On March 11, 2025, Gaga performed an acoustic voice-and-guitar version of "Perfect Celebrity" live on The Howard Stern Show. Stereogums Tom Breihan praised Gaga's vocal performance and said the song worked better in a stripped-down setting than he had expected. Later that year, Gaga included "Perfect Celebrity" in the setlist for her promotional concerts for Mayhem, including a headlining set at Coachella, as well as her seventh solo headlining tour, the Mayhem Ball (2025–2026). It was the first song of "Act II". A dance-battle scene set to "Poker Face" ended with the "Mistress of Mayhem" pushing "Light Gaga" to her death. For "Perfect Celebrity", "Light Gaga" returned in a corseted white dress, rising from a dirt-filled, grave-like sandbox surrounded by dancers in skull masks, and began the number with her arm draped around a skeleton prop. Reviewing Gaga's Coachella set for Rolling Stone, Tomás Mier interpreted the staging as a "poignant, yet clear acknowledgement that the only way stars reach perfection is once they've left us." Parris Goebel, choreographer of the concert series, revealed that she used cat litter to fill the sandbox where the performance took place.

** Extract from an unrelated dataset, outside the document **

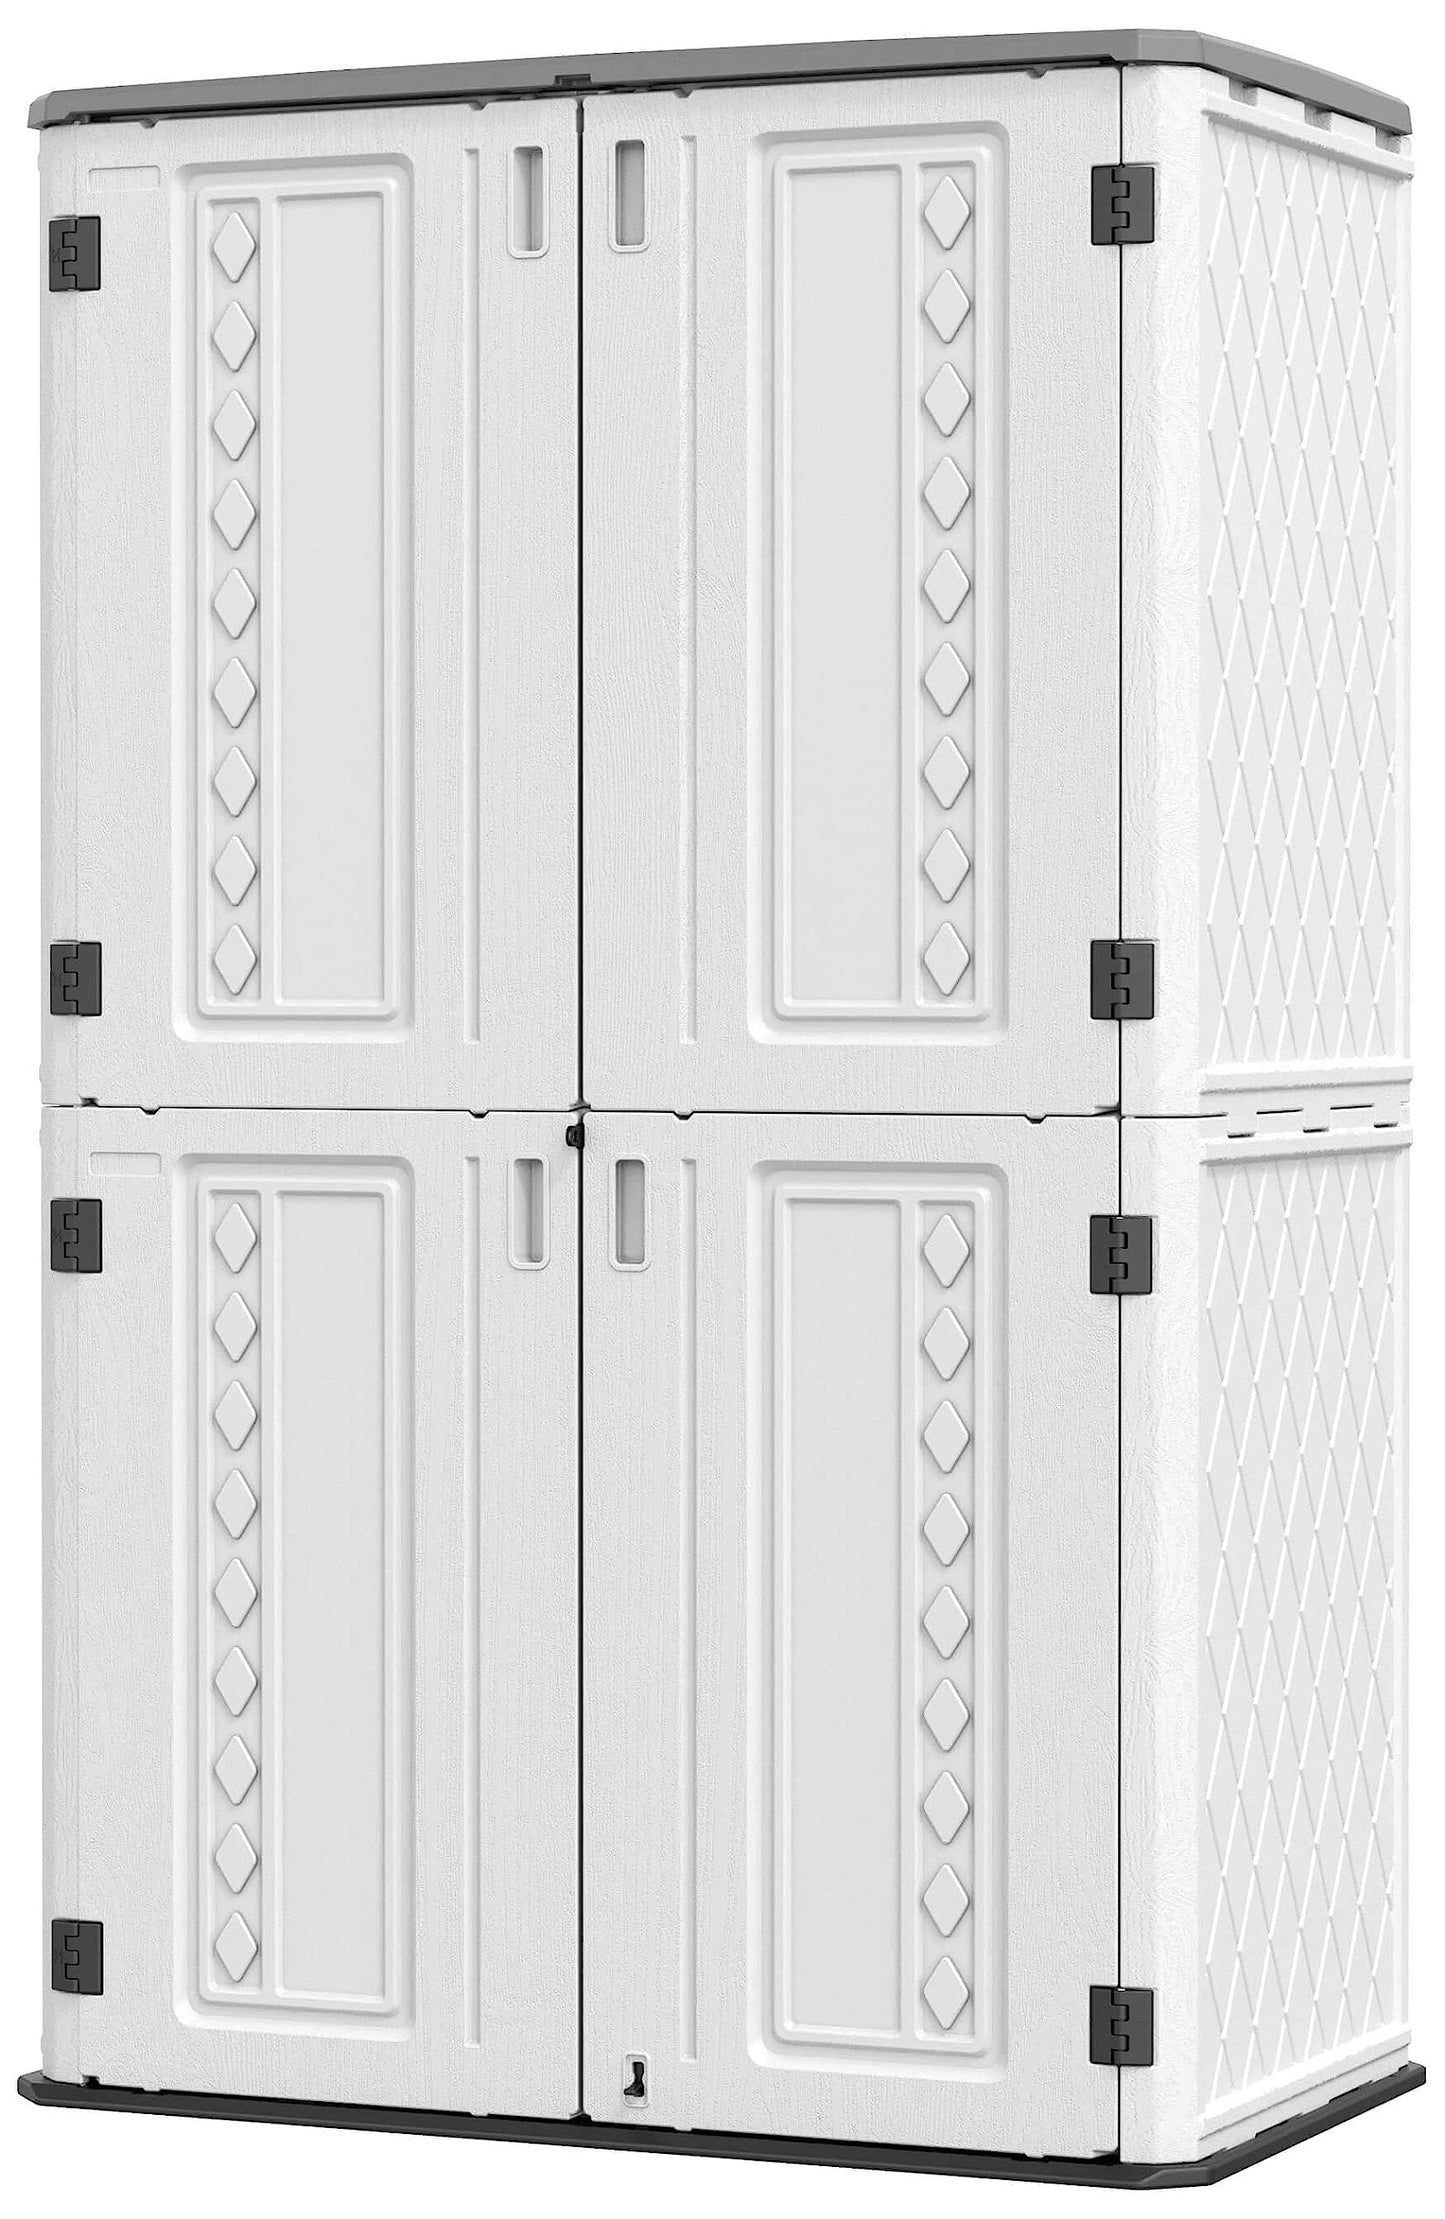 HOMSPARK Outdoor Storage Shed, 53 Cu.ft Outdoor Storage Cabinet with Lockable Doors, Double Layer Resin Vertical Storage shed for Garden, Patio, Backyard, 4×2.5×6.6 FT Grey roof,white wall,Black floor

On May 13, 2025, Gaga performed "Perfect Celebrity" during a five-song set at the YouTube Brandcast event, held at the David Geffen Hall in New York City. The song also appeared in Gaga's live album and concert film Apple Music Live: Mayhem Requiem, which was released on May 14, 2026. Recorded during an invite-only performance at the Wiltern Theatre in Los Angeles in January 2026, it was performed in a piano-led arrangement, foregrounding the song's grunge elements and adding a countermelody during the second pre-chorus.

In October 2025, American singer Demi Lovato performed a mashup of "Perfect Celebrity" and fellow Mayhem track "Disease" on BBC Radio 1's Live Lounge, joined by a backup band.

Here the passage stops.